Here is another test with polytonic Greek.
This is what it looks like in RC2:
http://www.nonsmokersclub.com/forums/index.php?topic=3.0
And this is what it looks like in RC1 (No problem here)
http://www.nonsmokersclub.com/rc1/index.php?topic=3.0
And here is the original text
http://www.mikrosapoplous.gr/syntipas.html
(use both mozilla and IE to see differences. Most of the boxes in IE would be eliminated if a unicode font was used in style sheet - not all though! Edit: I changed theme so these were sorted and you only get the Φnbsp; thingy replacing "Π". As I said, the main problematic character appears to be the capital Π!!!)
Oops, I made a typo mistake in the alphabet, I corrected the Greek alphabet display in my previous message.
With spiros' s new clean installs the problems are now same as mine, with capital Π". He uses UTF-8 collation , I use latin1.
I noticed that "Π" was displaying in a quoted word "Παρνασός". I tried this in my installation without success.
The Greek "Π" might have a relation with the Russian "Р" that seems also to have a problem with 1.1 RC2 UTF-8.
Spiros, I also noticed that greek search doesn't give results in your test forum http://www.nonsmokersclub.com/forums/index.php?topic=2.0, try it yourself.
So far also the special character "à" is not displaying in 1.1 RC2 UTF-8.
Hmmm you are correct, no search results for monotonic (plain) Greek, but in that post they ware converted to entities for some reason!
Try this one:
http://www.nonsmokersclub.com/forums/index.php?topic=3.0
(polytonic works)
and this new monotonic one
http://www.nonsmokersclub.com/forums/index.php?topic=4.0
In fact, this is why you cannot search Greek in this forum. Since it uses latin charset, all characters are converted to entities, and this is why UTF is so bloody important!

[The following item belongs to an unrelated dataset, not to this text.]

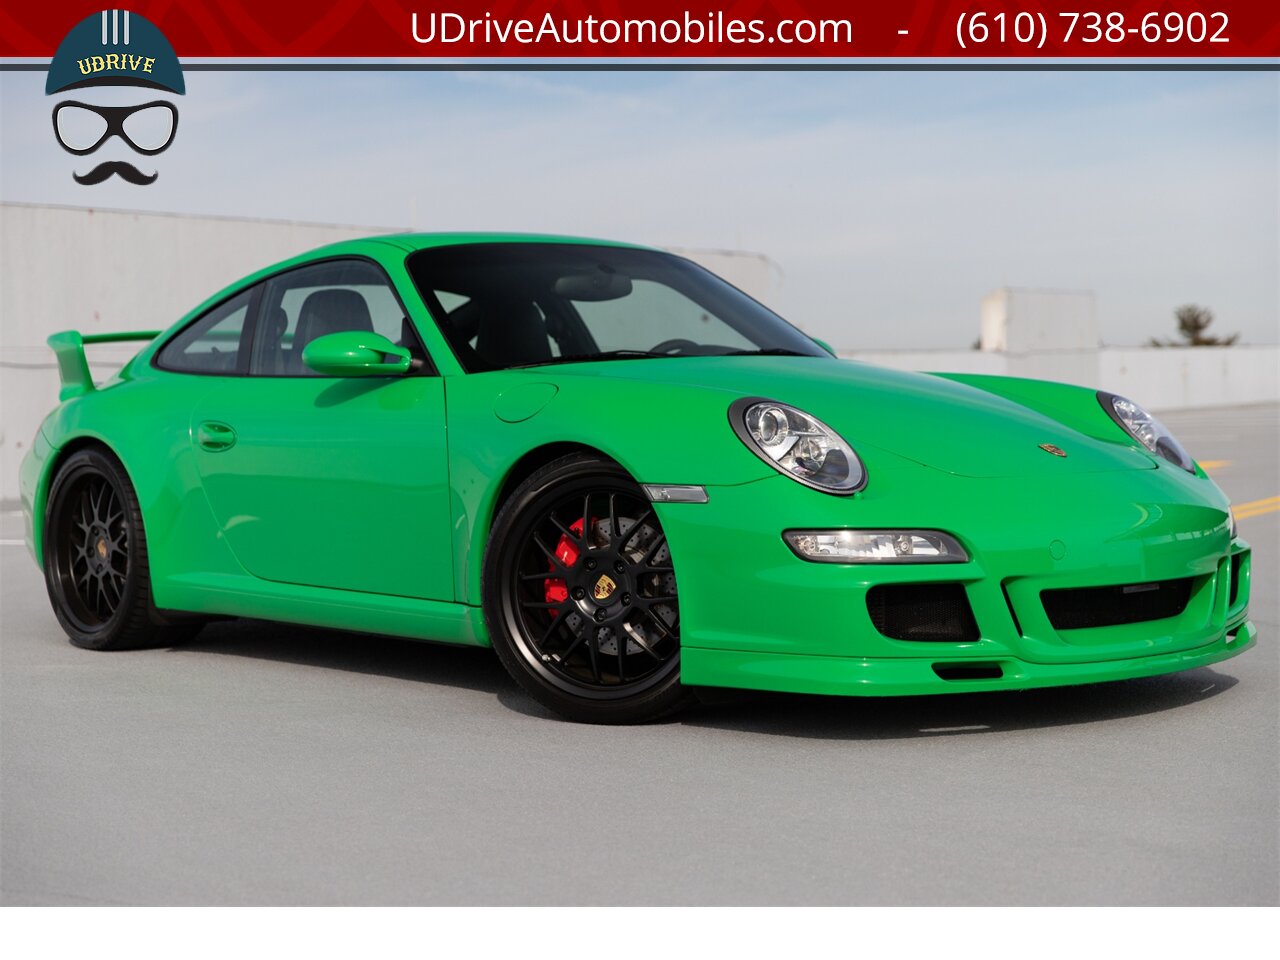 2008 Porsche 911 S 997 6Sp PTS RS Green AeroKit 1of a Kind  $118k MSRP Champion F77 Pkg RG5 Whls - Photo 4 - West Chester, PA 19382

I run another test and changed the collation of all tables to unicode from latin and I had the same serious problems as I had with my previous 2 RC2 installations!!! When I rolled back the changes to Latin the extra errors remained, but when overwriting them with the same clean text only the Π error remained.
The real problem though is this:
Unicode text looks like this in both RC1 and RC2 databases:
μή Ï,,οι χλιδῇ δοκεῖÏ,,ε μηδ᾽ αá½?θαδίᾳ
in the former case it displays OK on the browser, in the latter there are problems with the Π character.
Hi.
I've just posted a patch on SMF Coding Discussion forum, but thought you guys might be interested in my patch. You can find the link to the zip in this thread:
http://www.simplemachines.org/community/index.php?topic=63778.0 (http://www.simplemachines.org/community/index.php?topic=63778.0)
Note that, the fix contains two fixes. You probably aren't interested in the e-mail fix. Because it's disabled by default, it's harmless anyway.
Taka
Hello Taka,
The serious problems appeared to RC2 but you mention RC1. Have you read this thread?
Quote
http://hiko-ki.com/patch_20060102.zip
NOTE: The zip file contains modified 1.1 RC1 files.
Spiros I changed my message, I had already noticed the polytonic search and the differences in search.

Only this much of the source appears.